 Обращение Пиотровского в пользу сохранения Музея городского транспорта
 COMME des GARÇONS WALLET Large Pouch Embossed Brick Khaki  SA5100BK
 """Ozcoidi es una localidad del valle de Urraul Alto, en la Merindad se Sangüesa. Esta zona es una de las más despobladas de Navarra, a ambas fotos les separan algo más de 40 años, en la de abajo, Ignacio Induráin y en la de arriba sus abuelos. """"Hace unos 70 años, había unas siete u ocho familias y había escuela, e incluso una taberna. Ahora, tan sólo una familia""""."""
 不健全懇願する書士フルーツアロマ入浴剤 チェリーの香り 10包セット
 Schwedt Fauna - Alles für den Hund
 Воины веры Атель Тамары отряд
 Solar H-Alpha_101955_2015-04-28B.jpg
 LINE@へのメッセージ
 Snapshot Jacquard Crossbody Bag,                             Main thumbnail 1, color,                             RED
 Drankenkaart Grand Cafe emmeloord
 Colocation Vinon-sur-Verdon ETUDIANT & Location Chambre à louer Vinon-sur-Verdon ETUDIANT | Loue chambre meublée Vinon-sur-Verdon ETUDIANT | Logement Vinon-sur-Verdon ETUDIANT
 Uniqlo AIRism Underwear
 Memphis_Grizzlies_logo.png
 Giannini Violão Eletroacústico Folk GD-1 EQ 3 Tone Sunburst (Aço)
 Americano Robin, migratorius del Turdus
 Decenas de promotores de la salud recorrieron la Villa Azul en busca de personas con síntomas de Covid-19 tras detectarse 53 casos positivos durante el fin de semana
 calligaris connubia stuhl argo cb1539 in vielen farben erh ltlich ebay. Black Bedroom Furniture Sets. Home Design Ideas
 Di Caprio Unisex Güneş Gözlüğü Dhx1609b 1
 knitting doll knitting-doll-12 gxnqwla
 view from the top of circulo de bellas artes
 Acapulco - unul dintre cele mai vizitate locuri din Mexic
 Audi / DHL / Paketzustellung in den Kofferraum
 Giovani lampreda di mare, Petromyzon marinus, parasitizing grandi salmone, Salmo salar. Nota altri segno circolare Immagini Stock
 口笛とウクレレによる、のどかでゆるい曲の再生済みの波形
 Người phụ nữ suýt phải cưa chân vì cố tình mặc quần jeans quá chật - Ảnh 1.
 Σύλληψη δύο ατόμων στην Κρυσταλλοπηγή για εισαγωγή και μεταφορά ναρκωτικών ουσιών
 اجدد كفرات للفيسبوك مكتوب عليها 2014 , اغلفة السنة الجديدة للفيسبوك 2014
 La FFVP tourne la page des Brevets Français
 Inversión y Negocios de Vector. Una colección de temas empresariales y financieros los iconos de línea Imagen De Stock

TASK TO COMPLETE> Here the job is to output the lines from the start of the material through the line with "knitting doll knitting-doll-12 gxnqwla", inclusive, exactly and with nothing else.

OUTPUT OF THE EXERCISE>
 Обращение Пиотровского в пользу сохранения Музея городского транспорта
 COMME des GARÇONS WALLET Large Pouch Embossed Brick Khaki  SA5100BK
 """Ozcoidi es una localidad del valle de Urraul Alto, en la Merindad se Sangüesa. Esta zona es una de las más despobladas de Navarra, a ambas fotos les separan algo más de 40 años, en la de abajo, Ignacio Induráin y en la de arriba sus abuelos. """"Hace unos 70 años, había unas siete u ocho familias y había escuela, e incluso una taberna. Ahora, tan sólo una familia""""."""
 不健全懇願する書士フルーツアロマ入浴剤 チェリーの香り 10包セット
 Schwedt Fauna - Alles für den Hund
 Воины веры Атель Тамары отряд
 Solar H-Alpha_101955_2015-04-28B.jpg
 LINE@へのメッセージ
 Snapshot Jacquard Crossbody Bag,                             Main thumbnail 1, color,                             RED
 Drankenkaart Grand Cafe emmeloord
 Colocation Vinon-sur-Verdon ETUDIANT & Location Chambre à louer Vinon-sur-Verdon ETUDIANT | Loue chambre meublée Vinon-sur-Verdon ETUDIANT | Logement Vinon-sur-Verdon ETUDIANT
 Uniqlo AIRism Underwear
 Memphis_Grizzlies_logo.png
 Giannini Violão Eletroacústico Folk GD-1 EQ 3 Tone Sunburst (Aço)
 Americano Robin, migratorius del Turdus
 Decenas de promotores de la salud recorrieron la Villa Azul en busca de personas con síntomas de Covid-19 tras detectarse 53 casos positivos durante el fin de semana
 calligaris connubia stuhl argo cb1539 in vielen farben erh ltlich ebay. Black Bedroom Furniture Sets. Home Design Ideas
 Di Caprio Unisex Güneş Gözlüğü Dhx1609b 1
 knitting doll knitting-doll-12 gxnqwla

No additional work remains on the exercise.